How to speed up the work?
A two-second audio file recognizes 5 seconds.
I need the application to recognize it online. It won’t be scary if the application skips for half a second every 5 seconds.
Made a new application.
Added line “implementation ‘org.mozilla.deepspeech: libdeepspeech: 0.6.0-alpha.4’” in “dependencies {” to the file “app / build.gradle”.
Partially migrated code from “native_client / java”.
Launched on the phone.
Uploaded model files from https://github.com/mozilla/DeepSpeech/releases/tag/v0.5.1.
Added them to “/ sdcard / deepspeech /” through “Device File Explorer”.
Do not forget to add the line “<uses-android: name =” android.permission.READ_EXTERNAL_STORAGE “/>” in AndroidManifest.xml. And gave permission to the application on the phone.
lissyx
((slow to reply) [NOT PROVIDING SUPPORT])
5
We can’t help you without more context. I can tell you we are 2x faster than real time on Android devices. That all depends on the devices …
Again, without more context on your hardware, I can’t tell if it’s normal or not.
For v0.6.0a4 you need to re-export the 0.5.1 checkpoints.
How to speed up the work?
A two-second audio file recognizes 5 seconds.
We can’t help you without more context. I can tell you we are 2x faster than real time on Android devices. That all depends on the devices …
I need the application to recognize it online. It won’t be scary if the application skips for half a second every 5 seconds.
Again, without more context on your hardware, I can’t tell if it’s normal or not.
What you need? Phone model?
Phone model: Huawei ALE-L21.
Here are the characteristics of Huawei P8lite - Full phone specifications (I don’t know how accurate they are).
For v0.6.0a4 you need to re-export the 0.5.1 checkpoints.
And you can detail how to do it (step by step)?
lissyx
((slow to reply) [NOT PROVIDING SUPPORT])
7
Please read the documentation ?
lissyx
((slow to reply) [NOT PROVIDING SUPPORT])
8
Ok, given the specs, I’m not surprised about your performances. Sadly, there’s not much that can be done here. It’s a 2015 SoC, 1.2GHz Cortex-A53, and it’s likely it lacks accelerators that TFLite can leverage.
Reducing the model complexity would be the only solution, but that’s a non-trivial task to be able to train the model with similar quality and less nodes.
I understand that you are already tired here.
For me, English is not my native language and I have to use https://translate.google.com.
And the documentation is very short. It would be nice to expand it with additional examples.
And you can detail how to do it (step by step)?
Please read the documentation ?
Can you still write how to do it? How to create a model for v0.6.0a4 (re-export the 0.5.1 checkpoints)?
Ok, given the specs, I’m not surprised about your performances. Sadly, there’s not much that can be done here.
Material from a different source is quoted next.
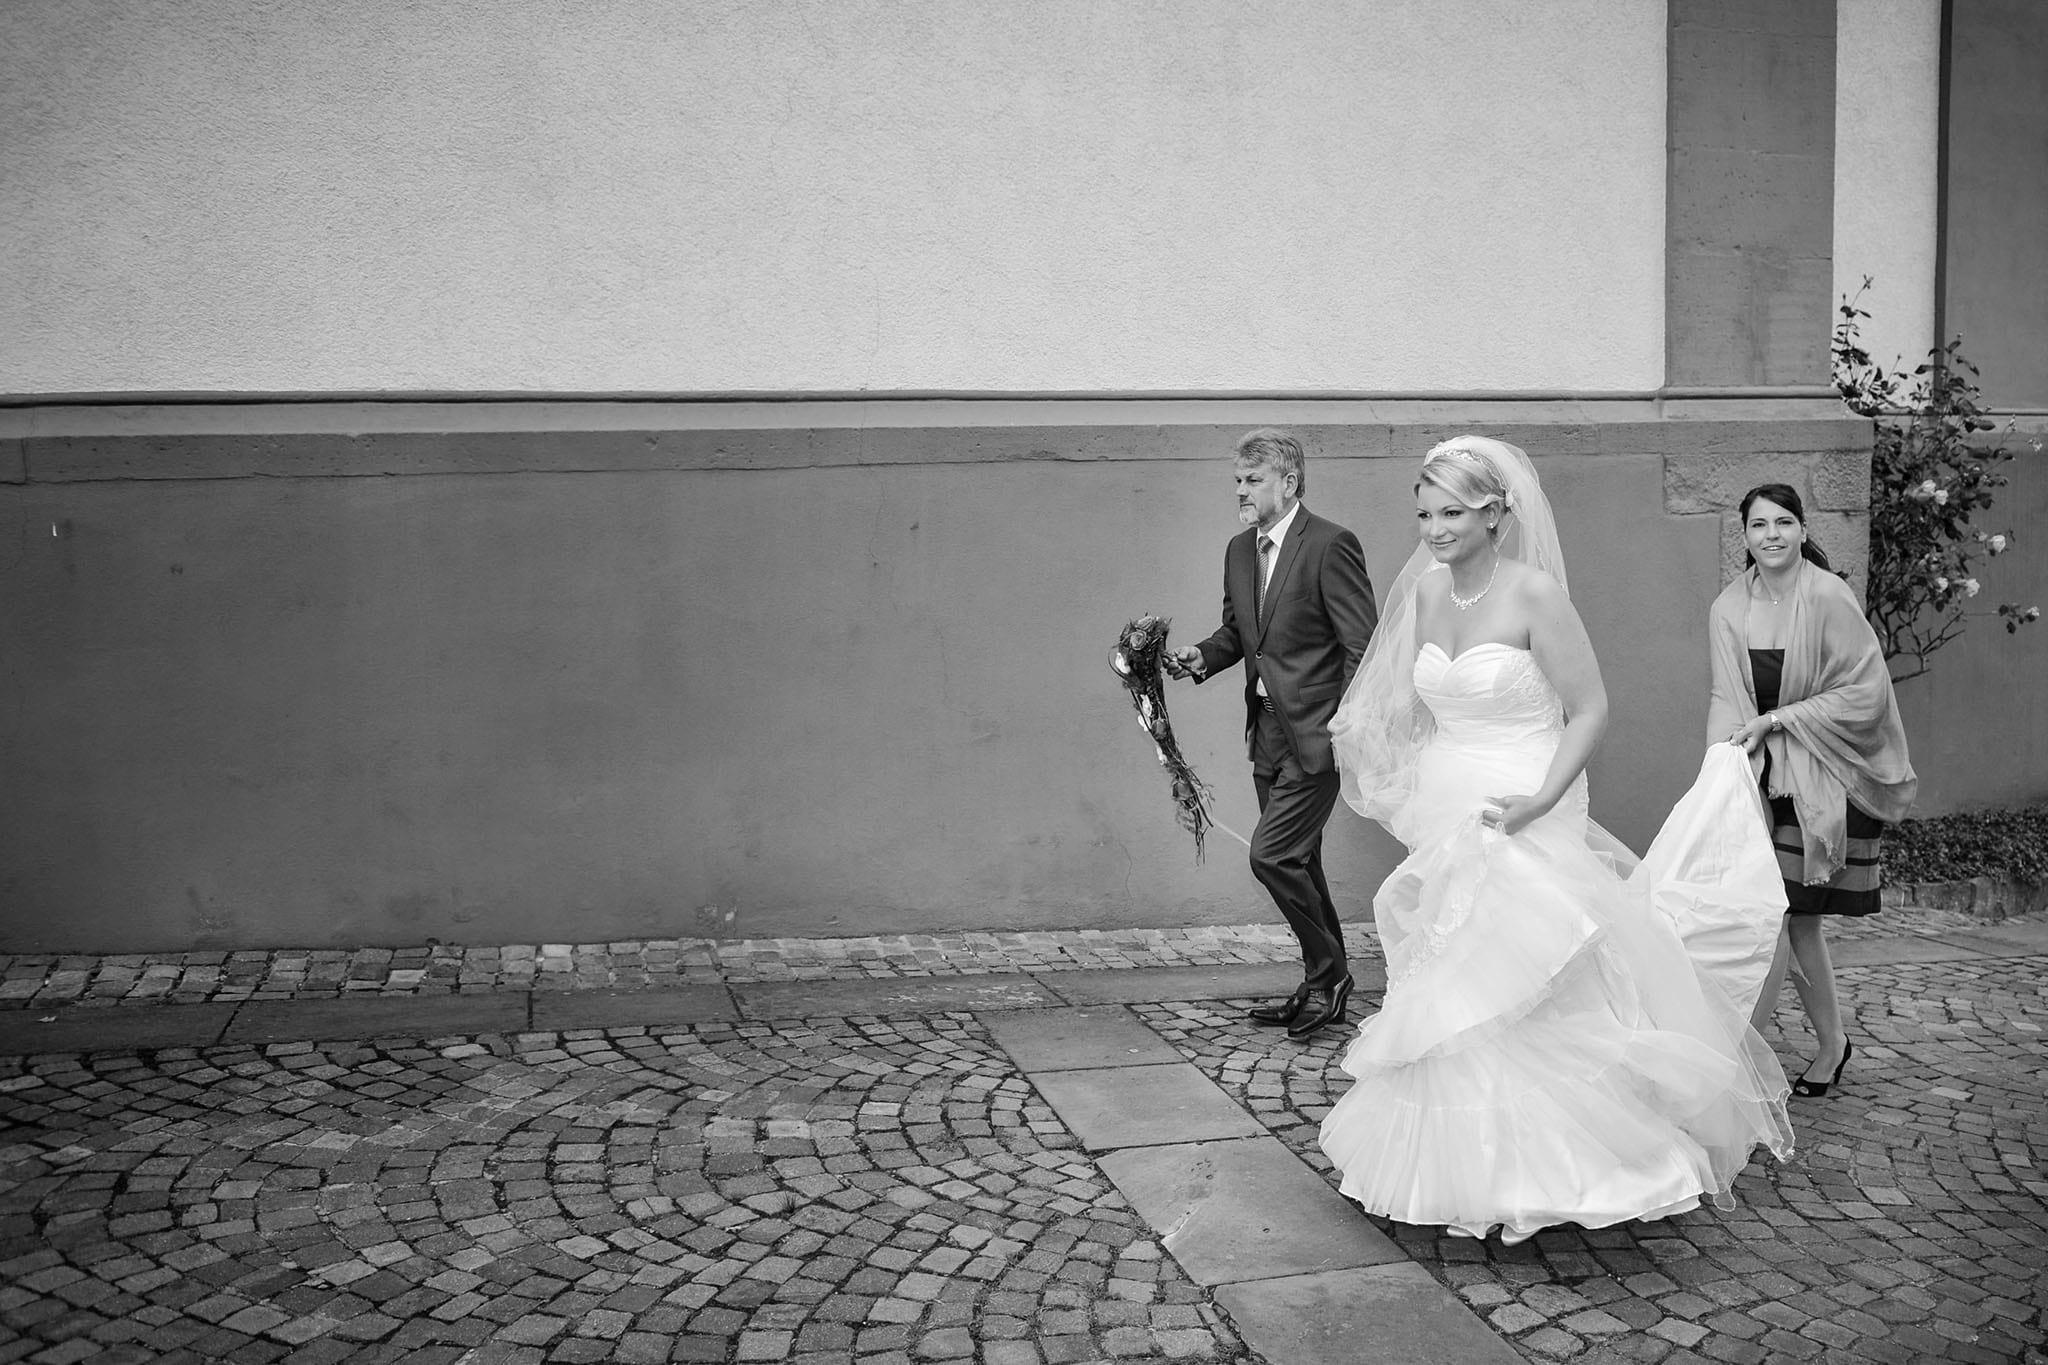 Hochzeit 038 Braut Hochzeit heiraten Kirche Brautvater Trauzeugin Hochzeitsfotografie Daniel Fuss Fotografie

It’s a 2015 SoC, 1.2GHz Cortex-A53, and it’s likely it lacks accelerators that TFLite can leverage.
Reducing the model complexity would be the only solution, but that’s a non-trivial task to be able to train the model with similar quality and less nodes.
For example, the built-in recognition in the phone copes with it perfectly. I understand that embedded recognition has advantages over DeepSpeech. But still I want to speed up the recognition.
The quality of recognizable sound will be good, without noise.
How can I speed up recognition? Can I somehow remake a trained model? It does not matter if the quality of the call gets a little worse.
Or do I need to re-train the model?
thank
lissyx
((slow to reply) [NOT PROVIDING SUPPORT])
11
English is not my native language either, so I do understand the extra mental load.
We can’t know that if you don’t tell us what you find missing / complicated.
I’m sorry but at some point, when it’s obviously documented in the help, there’s nothing more I can do than to tell you to read it. Unless you tell me what is unclear in the doc, I can’t figure it out for you. There’s --checkpoint_dir, --export_dir, that’s all you need. There are several examples of that all throughout the forum.
lissyx
((slow to reply) [NOT PROVIDING SUPPORT])
12
Are you aware the builtin recognition runs online, while our system runs offline ? At some point, you need to understand that if the model is too complicated to fit in the computing budget of your CPU, there’s nothing that can be trivially done to improve speed.
That does not really matter
The only solution is to reduce the model complexity, n_hidden=2048 with the current models. The temporal complexity of the model is depending quadratically on this. So roughly, if you say it takes 5 seconds to run inference on a 2 seconds audio file, it means you are mostly 2.5x slower than realtime. From there you should be able to infer the complexity of the model you require.
But re-training from scratch with smaller model dimension is going to be a complicated process: you need thousands of hours of audio, and several tentative to adjust the parameters.
On which computer and how long can such training take? About. If you use Common Voice data for the English language.
Can be specified in dozens of hours.